If there was a household consisting of more than two unmarried daughters, good old Dad could pay over his two guineas and write down the names of all his daughters to be included in the one certificate. Similarly, an employer could buy a licence for a servant, and extend it if the servant was replaced during the year.

This led to a lovely caricature by James Gillray entitled 'Leaving off powder - a frugal family saving the guinea.'

I particularly like the oleaginous French wig-maker on the left, complete with a hole in his stocking, and as usual with Gillray's portrayal of the French, shown looking like a monkey! Or Mick Jagger…

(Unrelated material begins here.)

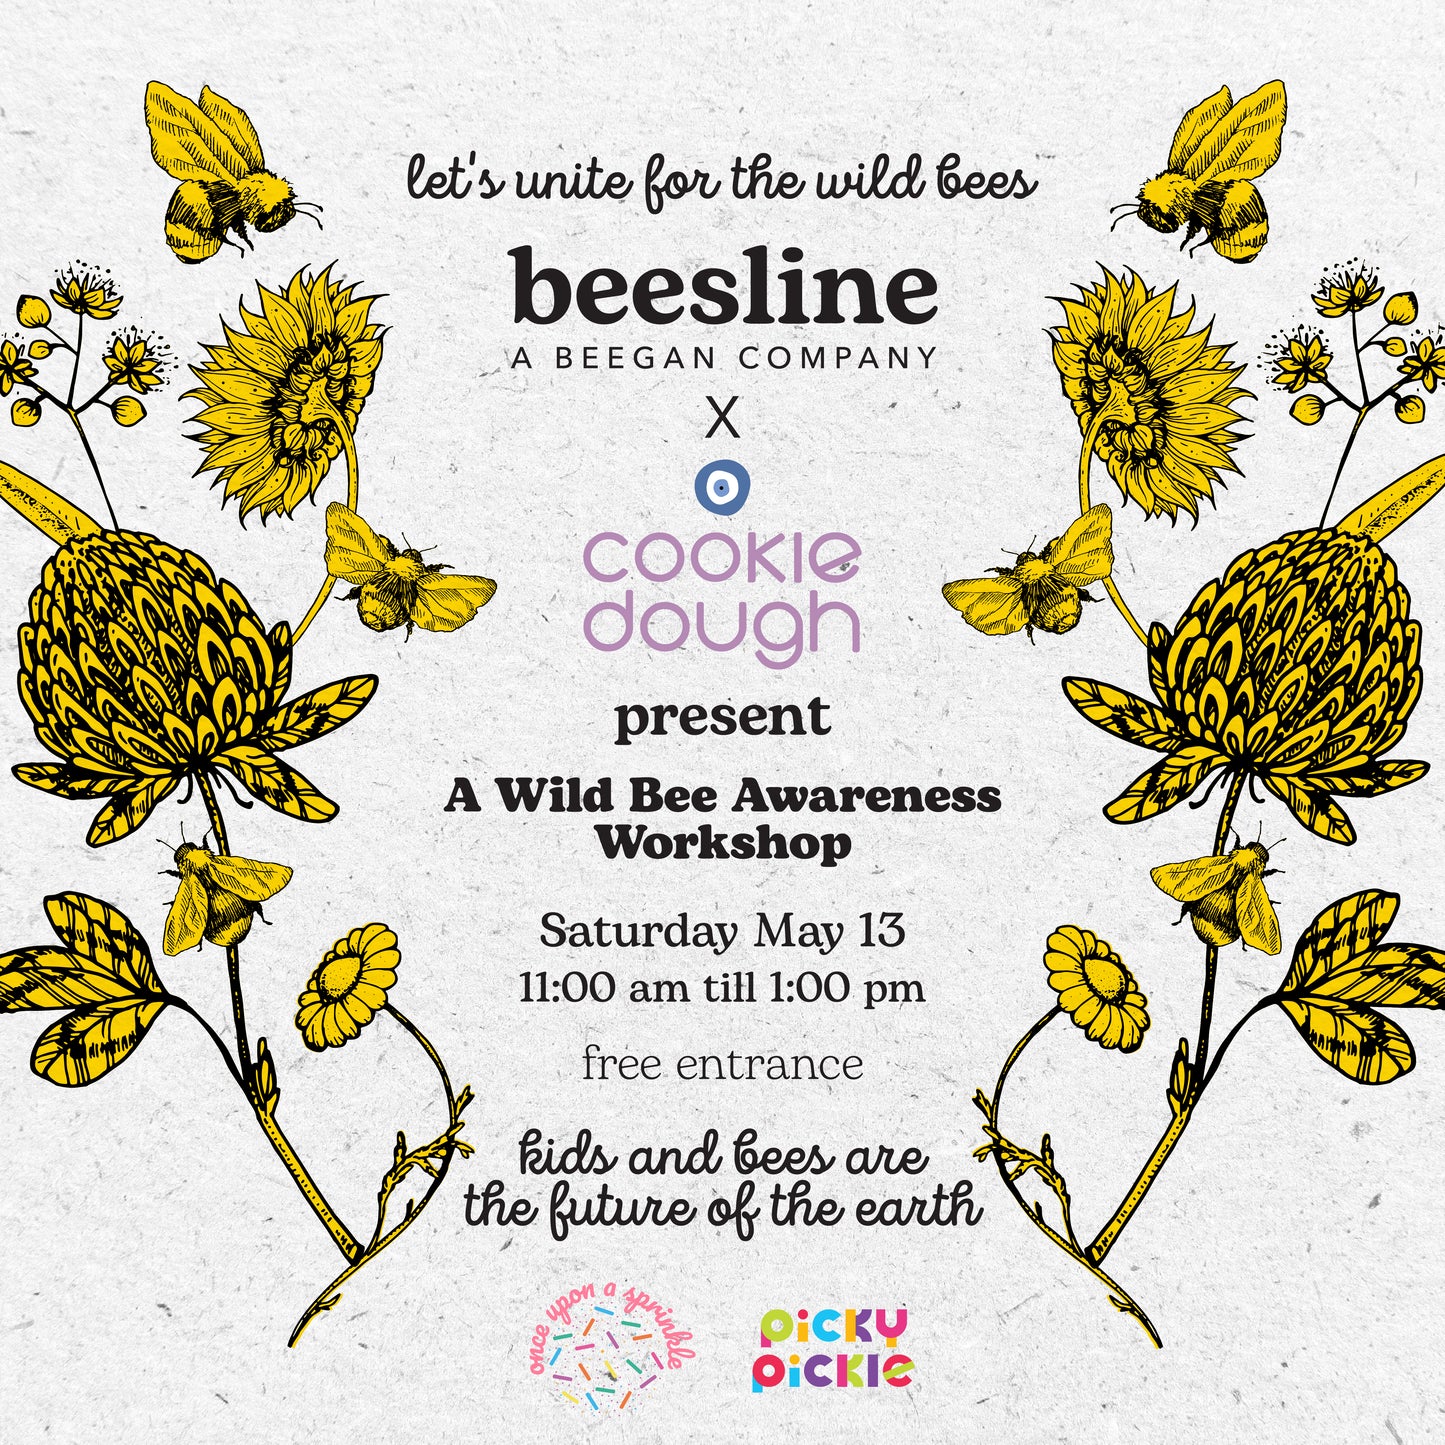 A Wild Bee Awareness Workshop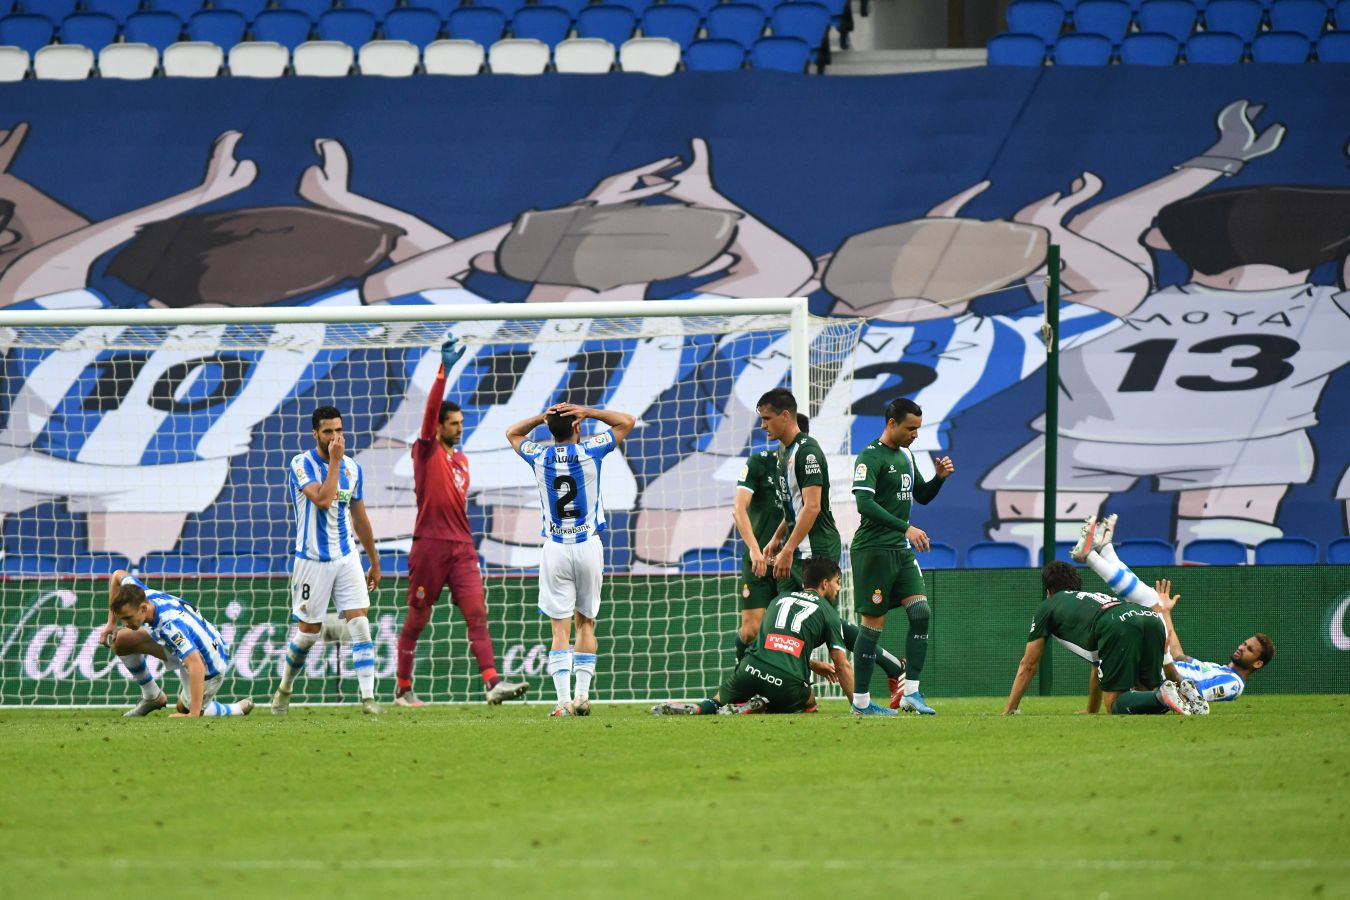 La Real Sociedad ha ganado su primer partido tras la vuelta de la Liga después de remontar a un Espanyol que se había adelantado en el marcador.

Her Ladyship, with a head as smooth as a baby’s bottom, throws up her hands in horror at the coloured monstrosity which is about to be placed on her head. In the background the glamorous daughter looks forlornly at her image in the glass, her fashionable white locks replaced with brown curls. There is an interesting contrast between the picture on the wall of  King Charles II, resplendent in his full-bottomed wig, and the young blade looking at his reflection in the mirror, his short crop no doubt feeling somewhat chilly on a May morning… Only Dad, warming himself by the fire, seems unconcerned by all the fuss: he is happy with the brown rug sitting atop his pate and he certainly isn’t about to dish out a guinea for anyone else in the household!

Clearly there must have been discussions about what other products might be used to dress a wig without incurring the powder-tax. Hence this etching by Isaac Cruikshank, also from 1795, entitled “Debating Society : (substitute for hair powder)”. Beneath the picture of the braying ass, the learned gentlemen are all shouting at once extolling the virtues of … honey, or mustard. (I think I might pass on that one!) The organizer of the debate cries out "Silence, gentlemen! To order, only ten to speak at a time...".

Within a matter of a few years, fashions changed - men's hair was often worn short in a crop or lightly curled. The towering head-dresses favoured by ladies in the 1780's (think of Georgiana in the film 'The Duchess') were never to be seen again, and ringlets came into vogue. I think I might start a campaign to Bring Back the Wig - it may have been ludicrous, but for men like me who are, how shall we say, a little lacking on top, it might be a god-send!


Mike is the author of The Journal of a Georgian Gentleman based on the family collection of diaries and memorabilia from the 18th Century. He has also published a book about the origins of the Circus Astley's Circus - the Story of an English Hussar and is about to have published a fully illustrated book  An introduction to the Georgians. He also does a regular blog on all-things-Georgian here).


  1. Brilliant! I always wondered why wigs were so popular one minute and so over the next. And the answer was tax. Obviously.